The junior college transfer who quickly won the starting place-kicking job this spring has been Bad Josh Rowland in games, hitting on only 4-of-9 attempts and missing a 27-yard field goal against Kansas State and a 45-yarder that would have won the game at the end of regulation.
Known only as “The Kicker” to head coach Tom Herman, Rowland has also been Good Josh Rowland in practice.
“The hard part with the kicker is if you or if my grandma was at practice, she could tell you who the starting kicker should be because the kid had that good of a fall camp,” Herman said in September. “So we’ve got to figure out a way for him to translate how well he did in fall camp to game day.”
Herman still hasn’t figured it out, but Sunday was more of the same — according to the head coach, Rowland hit all 15 of his attempts, including six from more than 50 yards.
And so Herman is still saying the same thing now that he’s been saying for weeks.
“We’ve got to figure out why we’re inconsistent in games but so dead-on in practice,” he said.
The team will try to simulate a game-like environment this week by having Rowland kick while surrounded by screaming teammates, but as Herman noted, there’s no replacement for kicking in front of 100,000 fans.
Even with all the misses, Herman isn’t ready to give up on the kicker that he personally recruited out of Mississippi Gulf Coast CC shortly after arriving in Austin. However, the Texas head coach knows that continued struggles could well cost the ‘Horns a critical game this season.
Nationally, Texas ranks No. 118 in the country in hitting only 44.4 percent on field goals.

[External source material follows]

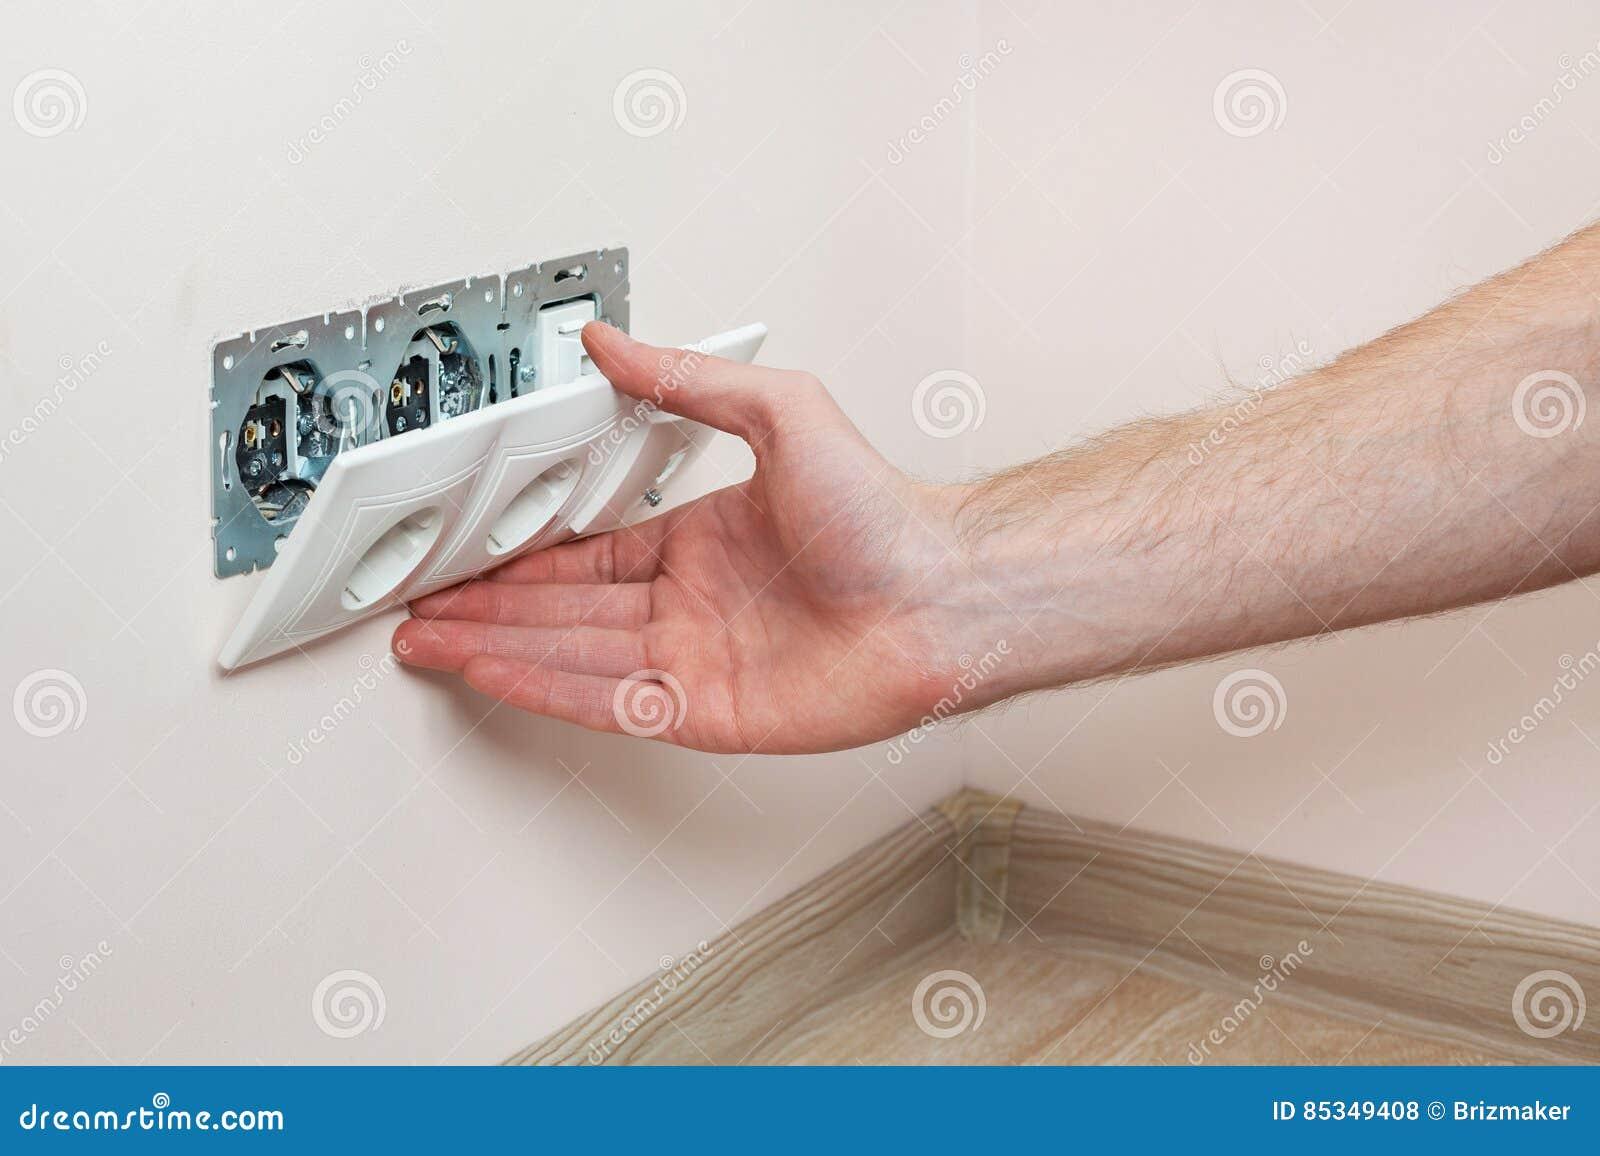 安装墙壁电源插座的电工的手

The back-up kicker is senior Mitchell Becker, who was largely a kickoff specialist last season, but did hit both of his attempts against TCU. The longest of those was only 31 yards, but Rowland is shaky even at that distance right now.
Based on Rowland’s body language, his confidence in games is at a low ebb right now and unless that changes quickly, the ‘Horns will have to give the fifth-year senior a chance.
“We’ve got to change something on game day,” Herman said. “But for now we’ve got to exhaust all available avenues to prepare him for that moment. If we’re out of ideas and out of avenues, then we’ll have to make a change at some point. But right now we have to trust that we can get him better and more prepared for those moments.”